Старик опять затих, переваривая услышанное.
— Не верю я, — старик повел плечами, — не верю.
— Ты мой паспорт видел.
— Видел.
— Ну?
— Не верю.
— Чему?
— Ничему не верю.
— Не понимаю. — Николай встал, сел, снова встал.
— Не верю я людям, понимаешь?
— Нет.
— Совсем не верю, никому не верю, никому! — старик кивнул и для убедительности махнул рукой, — как там она, Москва-то?
— Стоит. Что ей сделается.
— Так вот и про Рассею думали.
— Плохо думали.
— Плохо, — согласился старик, — теперь не передумашь. Поздно. Ну давай, спать давай, утро вечера удалее.
— Не могу я больше, — вздохнул Николай.
— Что так?
— Некогда мне. — Николай сказал это почти без сожеления. — Послезавтра в Москве надо быть.
— Что ж ты на ночь глядя пойдешь?
— Пойду. Мне еще до города надо, там на самолет, да еще… Много чего.
— Далёко.
— Прости.
— За что? — старик поднял глаза.
— За то, что беспокоил, спрашивал. Видно никто ничего не знает, видно не узнать уж. — Николай шмыгнул носом, принялся собираться, а и собирать нечего.
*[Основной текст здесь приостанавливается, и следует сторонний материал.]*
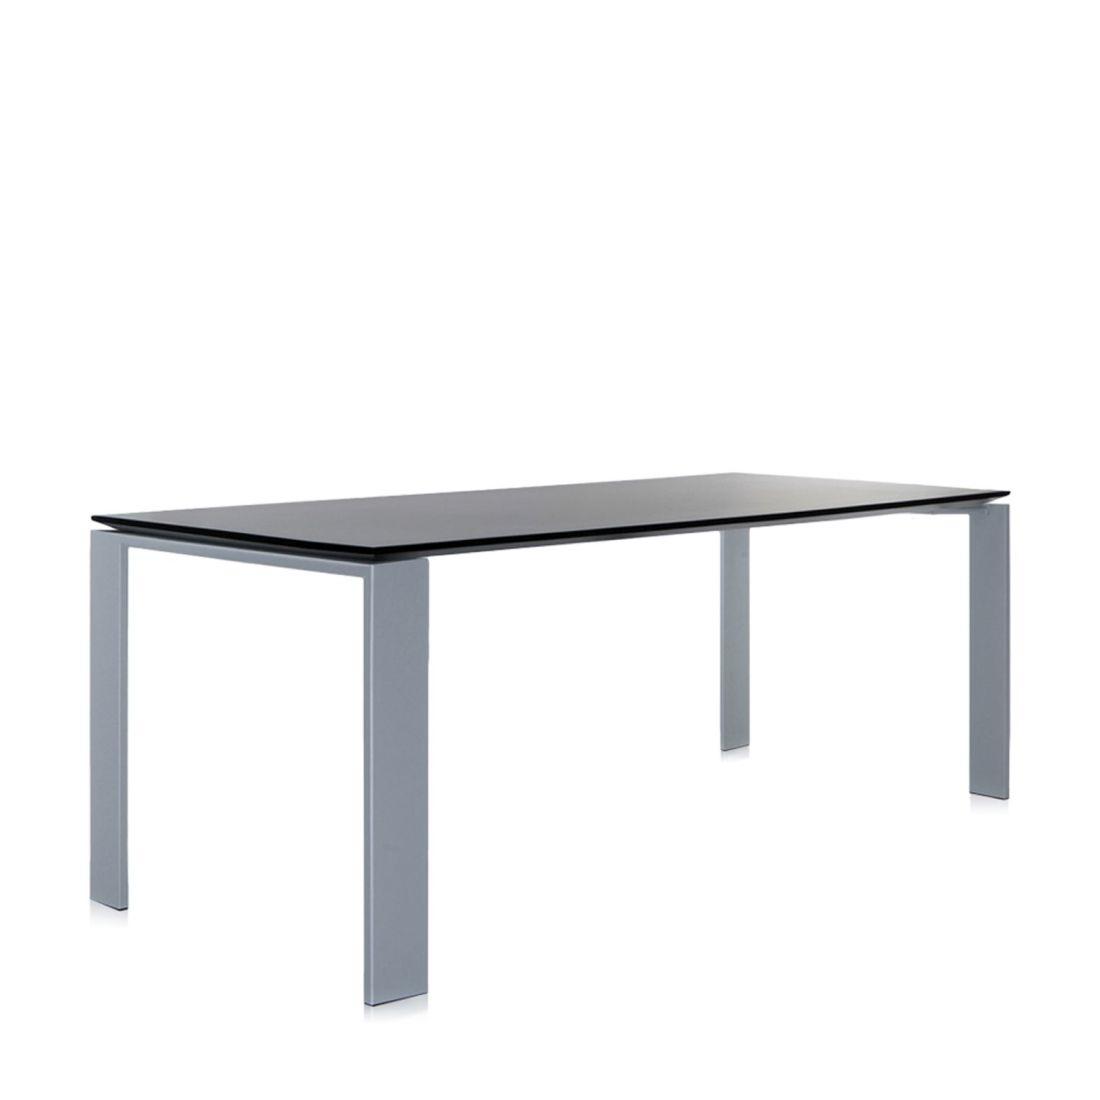 Four Tisch 158 Beine alu, Platte schwarz

— Может и знают, — обиженно проскрипел старик.
— Никто ничего не знает, и ты не знаешь.
— Я-то?
— Знал бы – давно б сказал!
— Про что это?
— Ты знаешь.
— Про Сталей этих? Про них никто ничего не знает! Никто! Чтоб узнать – в лес идти надоть, в тайгу лезть!
— Зачем?
— Туда ушли, все ушли туда!
— Все?
— Все, все! Скрылися! Те, которых ты видел… — старик осекся, спросил, — ты видел-ли?
— Видел.
— Сколько их было-то?
— Шесть.
— Мало.
— Кто они?
— Не знаю, — замявшись, обронил старик, — может они есть, может нету, может знают, может нет, только ничего тебе не скажут, нипочем не скажут, не подпустят даже!
— Почему?
— Потому что они, как и я, никому не верят!
— Почему?
— Вот заладил, почему, почему — потому!
— Почему?
— Боятся!
— Чего, — не унимался Николай, — кого?! Китайцев?…
— Людей!
— Почему?!
— Етит твою! – старик ударил рукой в руку, шумно выдохнул.
— Так почему?!
— Пострадали они, от людей пострадали, от всяких, от разных, понимаешь?!
— Понимаю.
— Ни черта ты не понимашь!!!… Пострадали они, погибли, все почти погибли, и боятся с тех пор, всего и всех, боятся, как черт ладана, боятся и будут бояться отныне и до веку!
— А кто их?…
— Не знаю я.
— Они что?…
— Что?
— Они тоже?…
— Что?! Что тоже-то?! – старик сверкнул глазами.
— Сталь?
— Дурак!
— Что?
— Дурак и есть.
— Что опять?! Что не так?!
— Все не так!
— Госсподи, – Николай вздохнул как-то по-стариковски.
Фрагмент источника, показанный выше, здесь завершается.